5 Safety
This section describes safety outcomes from the published literature that the committee considered as part of the evidence about this procedure. For more detailed information on the evidence, see the interventional procedure overview.
5.1
Avascular necrosis without chondrolysis was reported in 3% (2/70) of hips with chronic slips and open growth plates, 16% (6/38) of hips with acute‑on‑chronic slips, and 14% (1/7) of hips with chronic slips and fused growth plates, in a case series of 110 patients (115 hips) treated by open reduction without dislocation. In the same study avascular necrosis plus chondrolysis was reported in 1% (1/70) of hips with chronic slips and open growth plates, 8% (3/38) of hips with acute‑on‑chronic slips, and 14% (1/7) of hips with chronic slips and fused growth plates.
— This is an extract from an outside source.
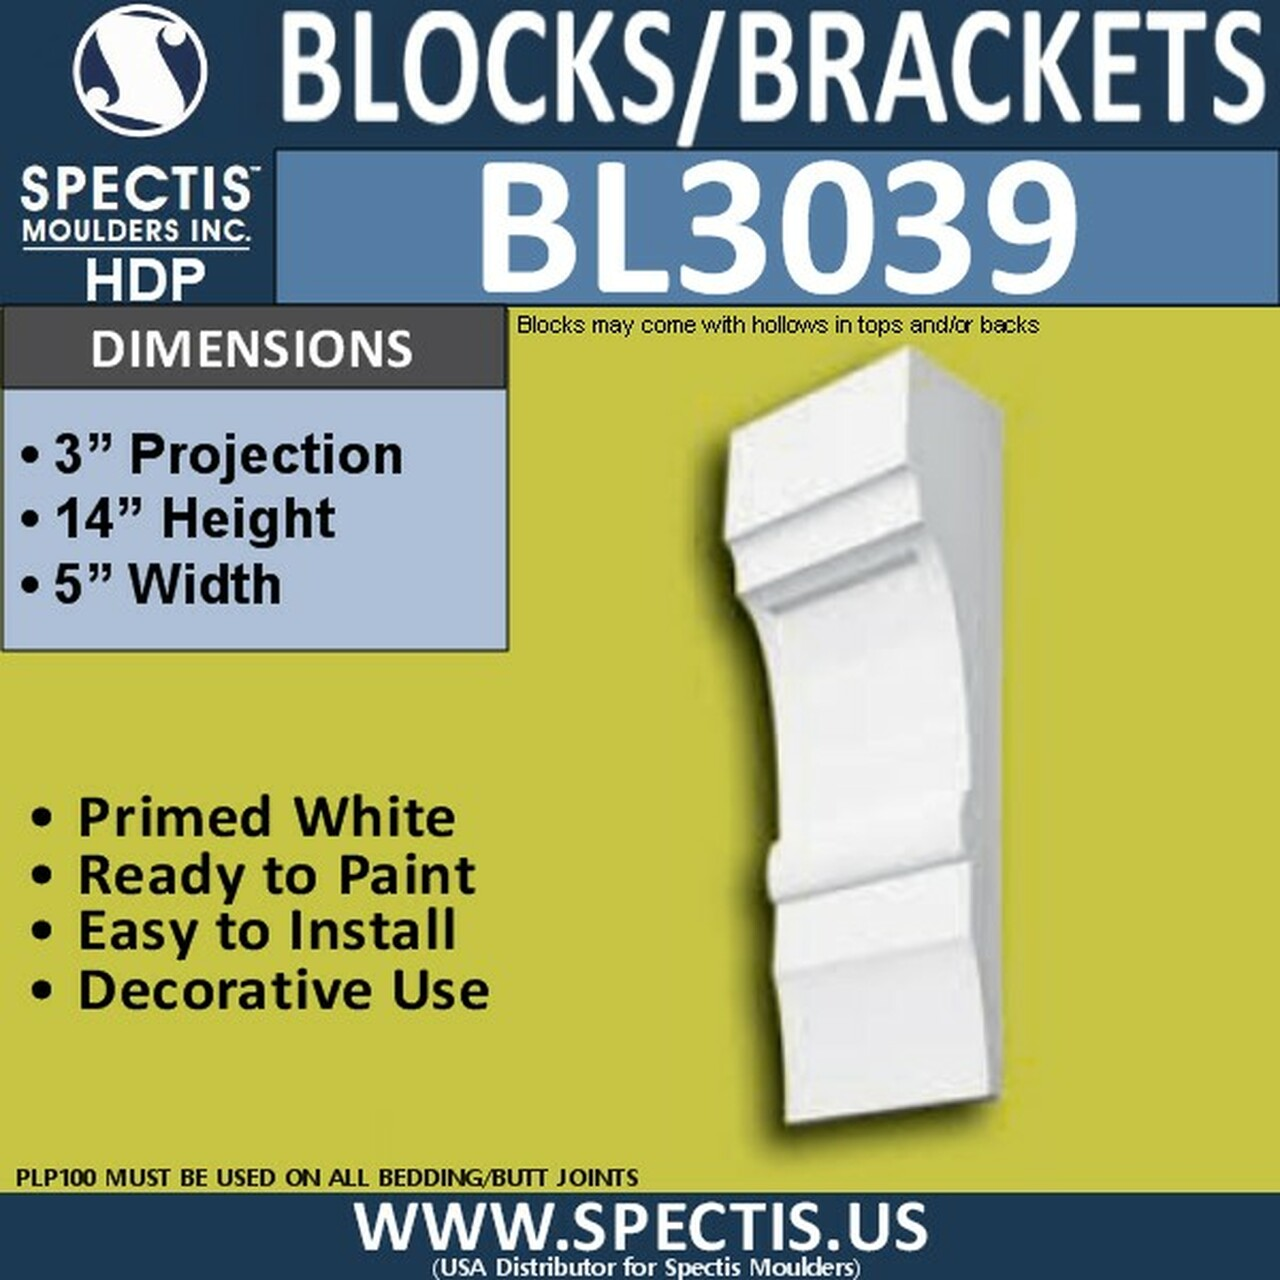 "BL3039 Eave Block or Bracket 5""W x 14""H x 3"" P"

Chondrolysis alone was reported in 7% (5/70) of hips with chronic slips and open growth plates, 3% (1/38) of hips with acute‑on‑chronic slips, and 43% (3/7) of hips with chronic slips and fused growth plates.
5.2
Avascular necrosis was reported in 26% (7/27) of patients at a mean of 21.4 weeks in a case series of 27 patients treated by open reduction with surgical dislocation.
5.3
Osteoarthritis was reported in 40% (19/48) of hips at mean follow‑up of 16 years in a case series of 65 patients (66 hips) treated by open reduction without dislocation: 19% (9/48) of hips developed grade I osteoarthritis, 6% (3/48) developed grade II osteoarthritis and 15% (7/48) developed grade III osteoarthritis.
5.4
Reoperation, 6 to 8 weeks after surgery, was needed in 8% (3/40) of patients because of breakage of screw or wire fixations in a case series of 40 patients treated by open reduction with dislocation.
5.5
Permanent partial paralysis of the sciatic nerve was reported in 1 patient in the case series of 65 patients (66 hips) treated by open reduction without dislocation.
5.6
Wound infections were reported in 3% (2/66) of hips in the case series of 65 patients (66 hips) treated by open reduction without dislocation.
5.7
Non‑union of the femoral neck was reported in 9% (4/43) of patients in a case series of 43 patients treated by open reduction with dislocation. All patients were treated by revision surgery.
5.8
Heterotrophic ossification was reported in 8% (3/40) of patients in the case series of 40 patients treated by open reduction with dislocation. No further details were provided.
5.9
In addition to safety outcomes reported in the literature, specialist advisers are asked about anecdotal adverse events (events which they have heard about) and about theoretical adverse events (events which they think might possibly occur, even if they have never done so). For this procedure, specialist advisers listed the following anecdotal adverse events: stiffness and fracturing around implants. They considered that the following was a theoretical adverse event: non‑union of the femoral neck.